Bryan Fischer, mouthpiece for the anti-gay American Family Association, is not thrilled about Jason Collins coming out. On his radio show Monday, Fischer urged NBA teams not to sign Collins because he will be “eyeballing” them in the shower. In a new post published today, Fischer tried to appropriate his coming out as evidence that gay people are not “born that way,” because Collins’ twin is not gay:
One other significant, significant piece of this story is that Jason Collins is absolute proof that homosexuals aren’t “born that way,” despite the bloviations of that noted geneticist Lady Gaga.
Jason Collins has an identical twin, Jaron, who was “astounded” to discover that his brother had entered into the homosexual lifestyle. He, despite sharing Jason’s identical DNA, is as straight as a laser beam. Identical twins share straits that are genetically determined: height, skin color, eye color, hair color and so forth. If homosexuality is a genetically-caused sexual preference, Jaron Collins should be as gay as his brother. He’s not.
It’s true that twin studies suggest that sexual orientation is not hard-wired into DNA, but of course this has always been obvious because sexual orientation is not inherited — a remarkable number of gay people have straight parents. But just because homosexuality is a bit more complex than a particular gene prescription doesn’t mean Fischer’s point has any validity.

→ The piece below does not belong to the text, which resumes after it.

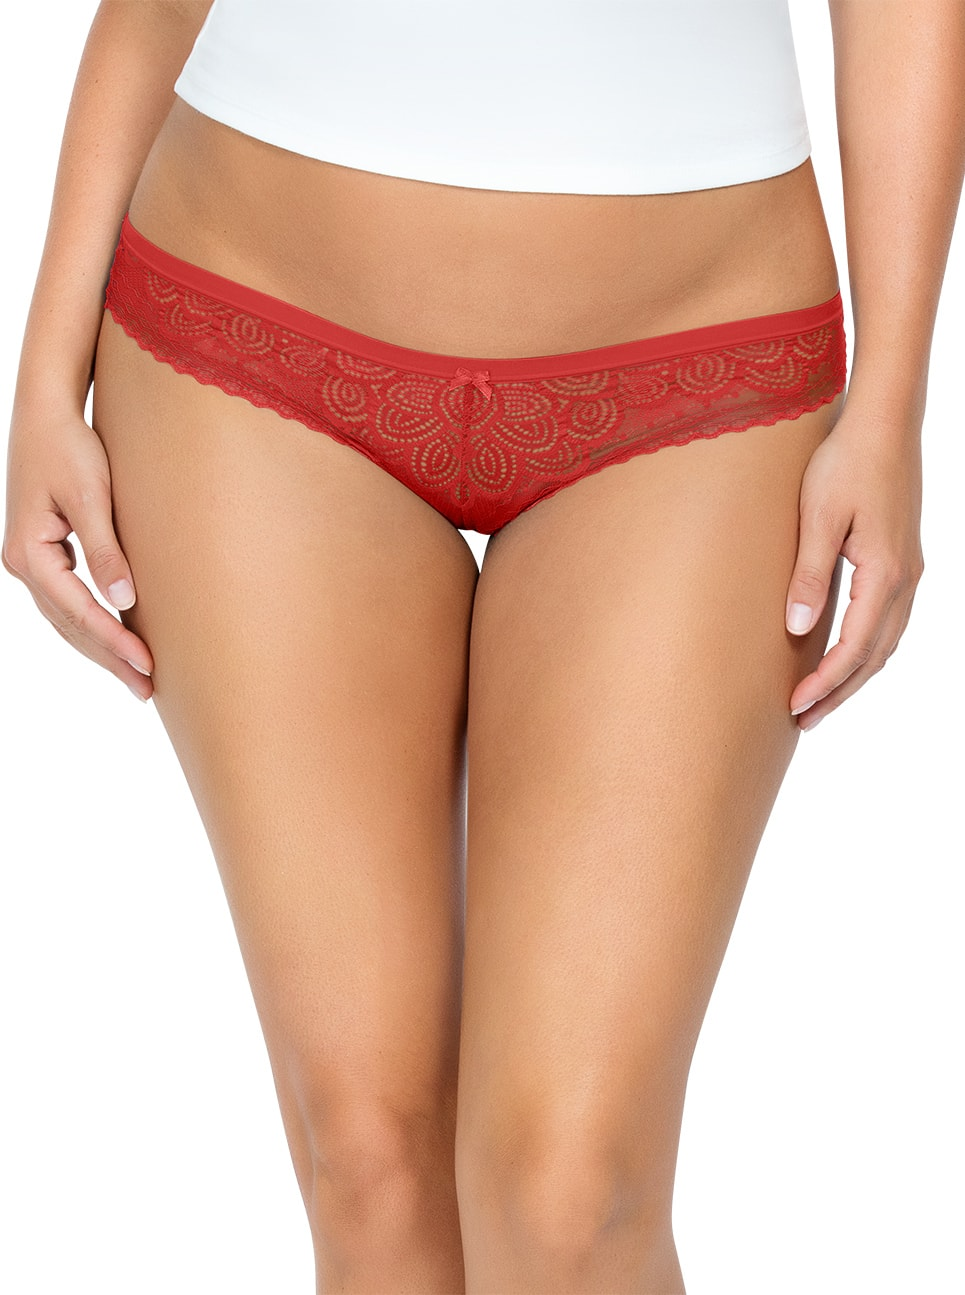 PARFAIT ParfaitPanty SoGlam BikiniPP302 Scarlette Front close - Panty So Glam Bikini - Scarlette - PP302
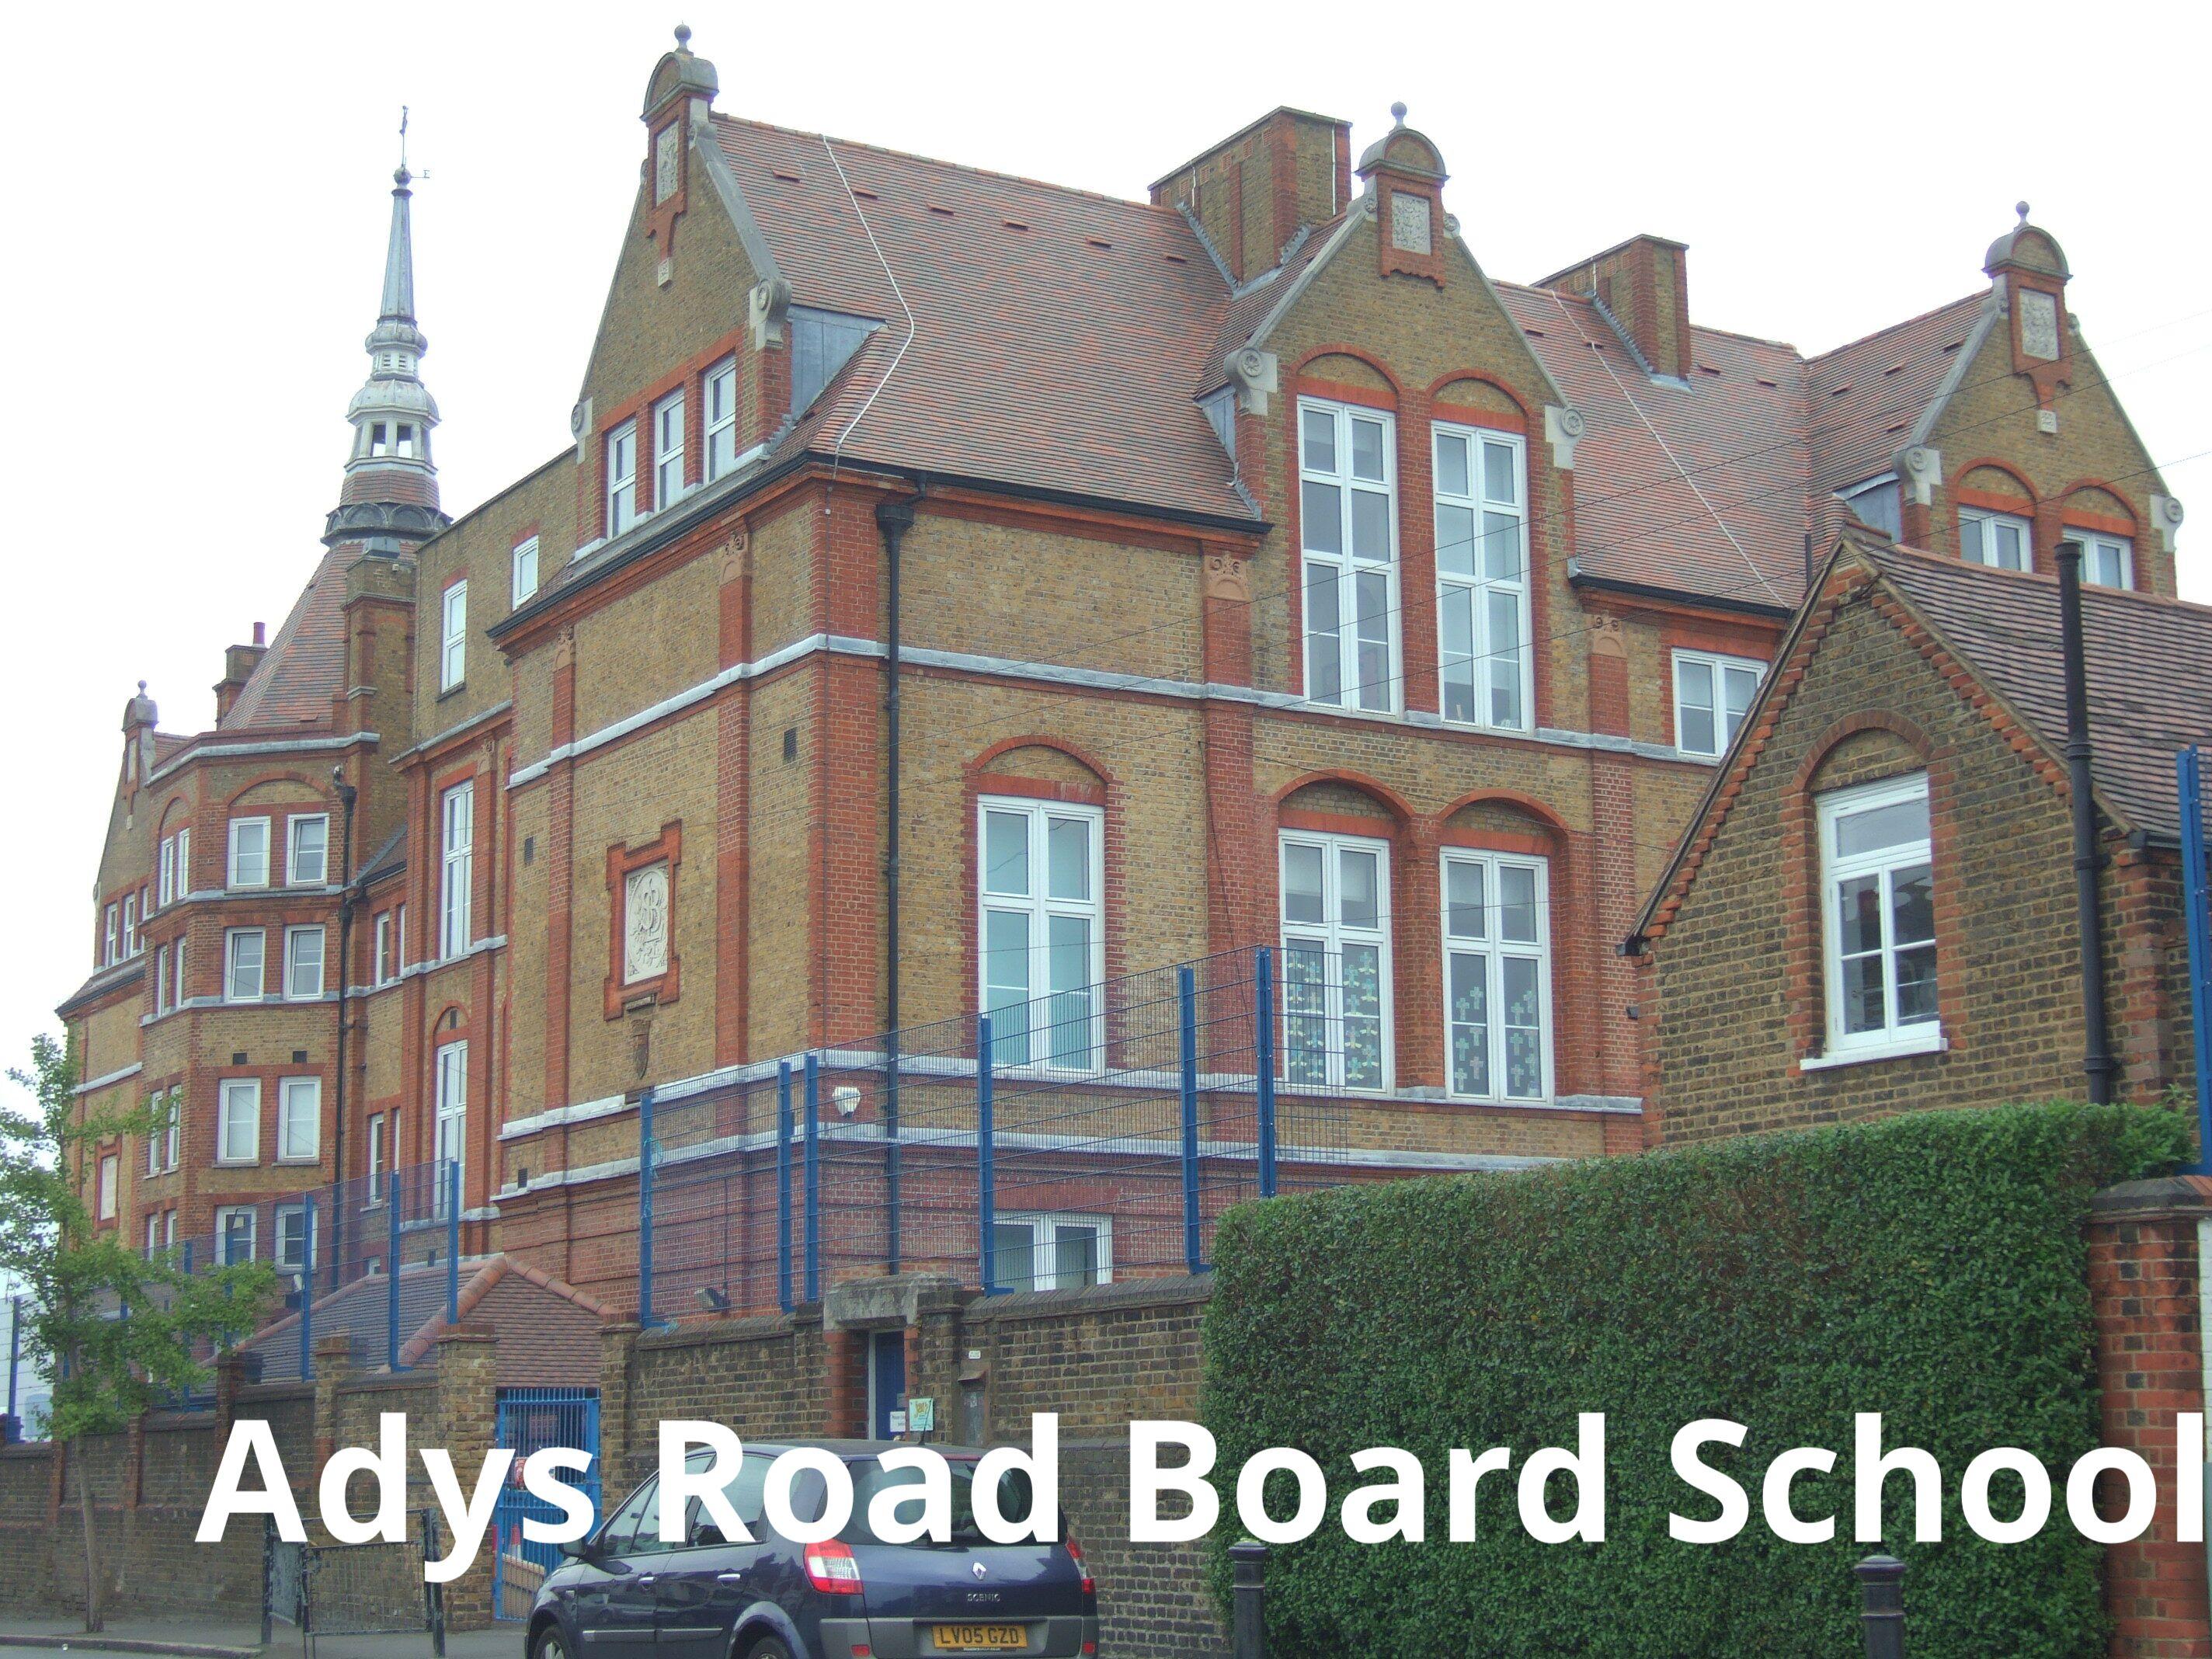 Photo of Adys Road Board School

The latest research suggests that variations in sexual orientation can be influenced — not by the genes themselves, but by how certain markers (“epi-marks”) on the genes interact with hormones inside the womb. These epigenetic markers act as switches that can be activated during fetal development, affecting how DNA expresses itself. The end result is the same: an individual’s orientation is determined before birth and cannot be changed. This actually jibes with some recent twin studies, which suggest that even identical twins who share a hormonal environment in the womb can still experience different levels of blood during development. Thus, even twins with identical DNA can have differences in how that DNA is expressed.
Fischer can continue to claim that gay people have “entered into the homosexual lifestyle,” but it’s his word against millions of people like Collins who know that their orientations are innate, not chosen.